If $$\langle 2, 3, 9 \rangle$$, $$\langle 5, 2, 1 \rangle$$, $$\langle 1, \lambda, 8 \rangle$$ and $$\langle \lambda, 2, 3 \rangle$$ are coplanar, then the product of all possible values of $$\lambda$$ is

We are given four vectors $$\vec{u} = \langle 2, 3, 9 \rangle$$, $$\vec{v} = \langle 5, 2, 1 \rangle$$, $$\vec{w} = \langle 1, \lambda, 8 \rangle$$, and $$\vec{z} = \langle \lambda, 2, 3 \rangle$$ that are coplanar. Since these are position vectors (or free vectors) that are coplanar, one of them can be expressed as a linear combination of the others. Equivalently, since four vectors in $$\mathbb{R}^3$$ are always linearly dependent, we interpret coplanarity as the condition that the vectors $$\vec{v} - \vec{u}$$, $$\vec{w} - \vec{u}$$, and $$\vec{z} - \vec{u}$$ are coplanar, meaning their scalar triple product is zero.

We compute $$\vec{v} - \vec{u} = \langle 3, -1, -8 \rangle$$, $$\vec{w} - \vec{u} = \langle -1, \lambda - 3, -1 \rangle$$, and $$\vec{z} - \vec{u} = \langle \lambda - 2, -1, -6 \rangle$$.

The scalar triple product equals the determinant: $$\begin{vmatrix} 3 & -1 & -8 \\ -1 & \lambda - 3 & -1 \\ \lambda - 2 & -1 & -6 \end{vmatrix} = 0$$.

Expanding along the first row: $$3[(\lambda - 3)(-6) - (-1)(-1)] - (-1)[(-1)(-6) - (-1)(\lambda - 2)] + (-8)[(-1)(-1) - (\lambda - 3)(\lambda - 2)] = 0$$.

We simplify each term. The first term gives $$3[-6\lambda + 18 - 1] = 3(-6\lambda + 17) = -18\lambda + 51$$. The second term gives $$1[6 - (-\lambda + 2)] = 1[6 + \lambda - 2] = \lambda + 4$$. The third term gives $$-8[1 - (\lambda^2 - 5\lambda + 6)] = -8[1 - \lambda^2 + 5\lambda - 6] = -8[-\lambda^2 + 5\lambda - 5] = 8\lambda^2 - 40\lambda + 40$$.

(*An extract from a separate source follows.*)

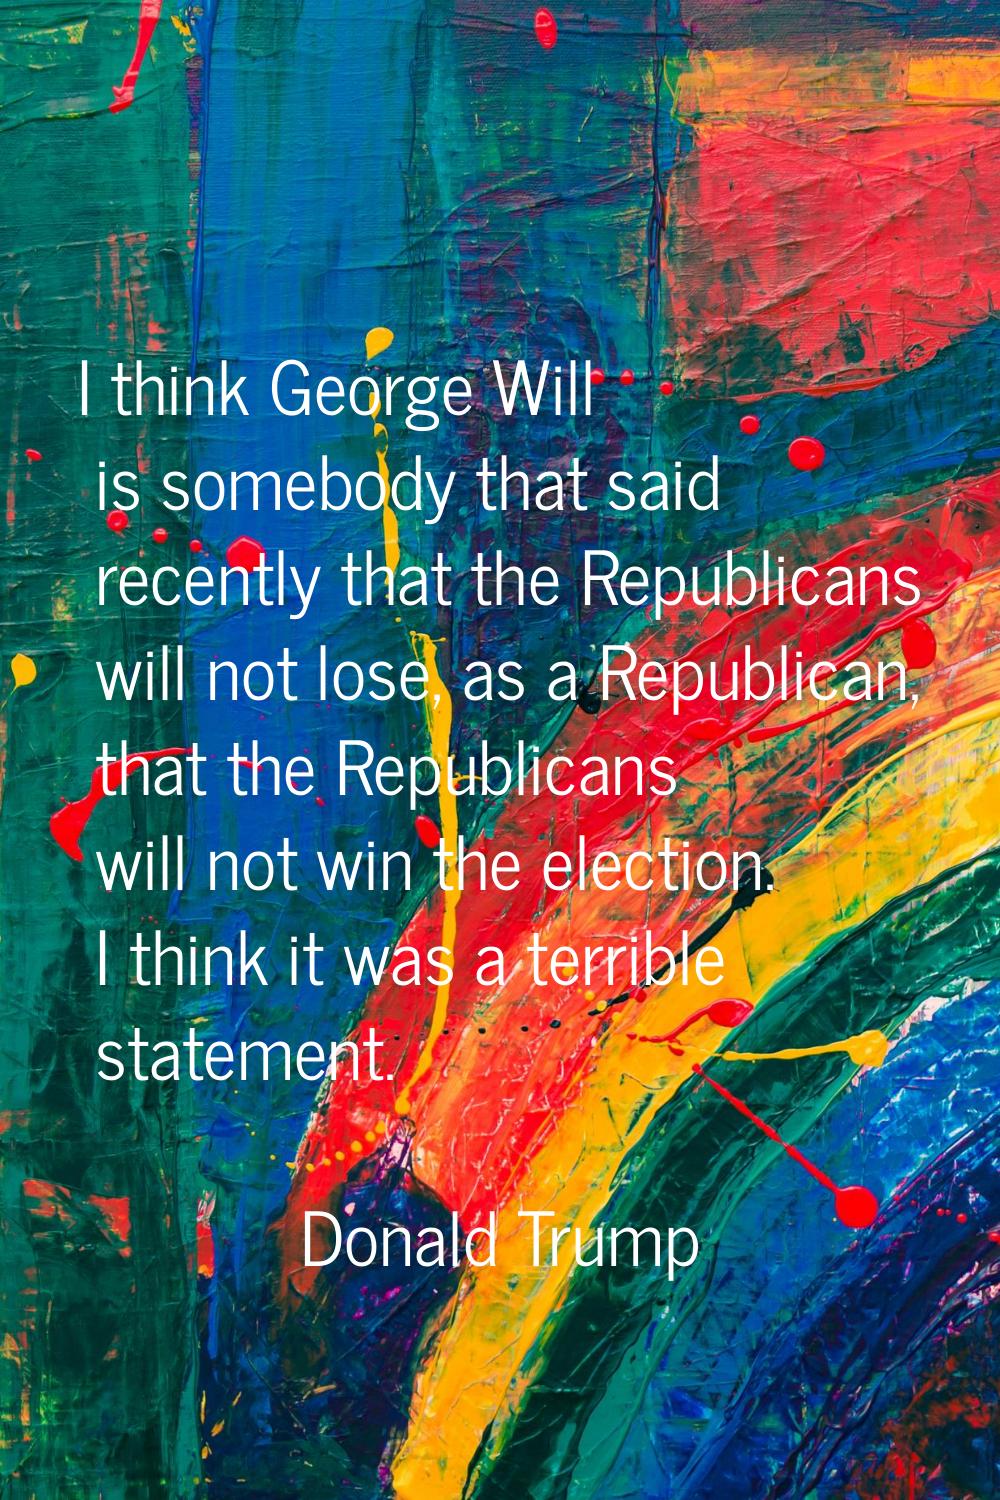 I think George Will is somebody that said recently that the Republicans will not lose, as a Republi

Adding all terms: $$-18\lambda + 51 + \lambda + 4 + 8\lambda^2 - 40\lambda + 40 = 0$$, which gives $$8\lambda^2 - 57\lambda + 95 = 0$$.

Using the quadratic formula: $$\lambda = \frac{57 \pm \sqrt{3249 - 3040}}{16} = \frac{57 \pm \sqrt{209}}{16}$$. However, we need the product of the roots. By Vieta's formulas, the product of all possible values of $$\lambda$$ is $$\frac{95}{8}$$.

Hence, the correct answer is Option D.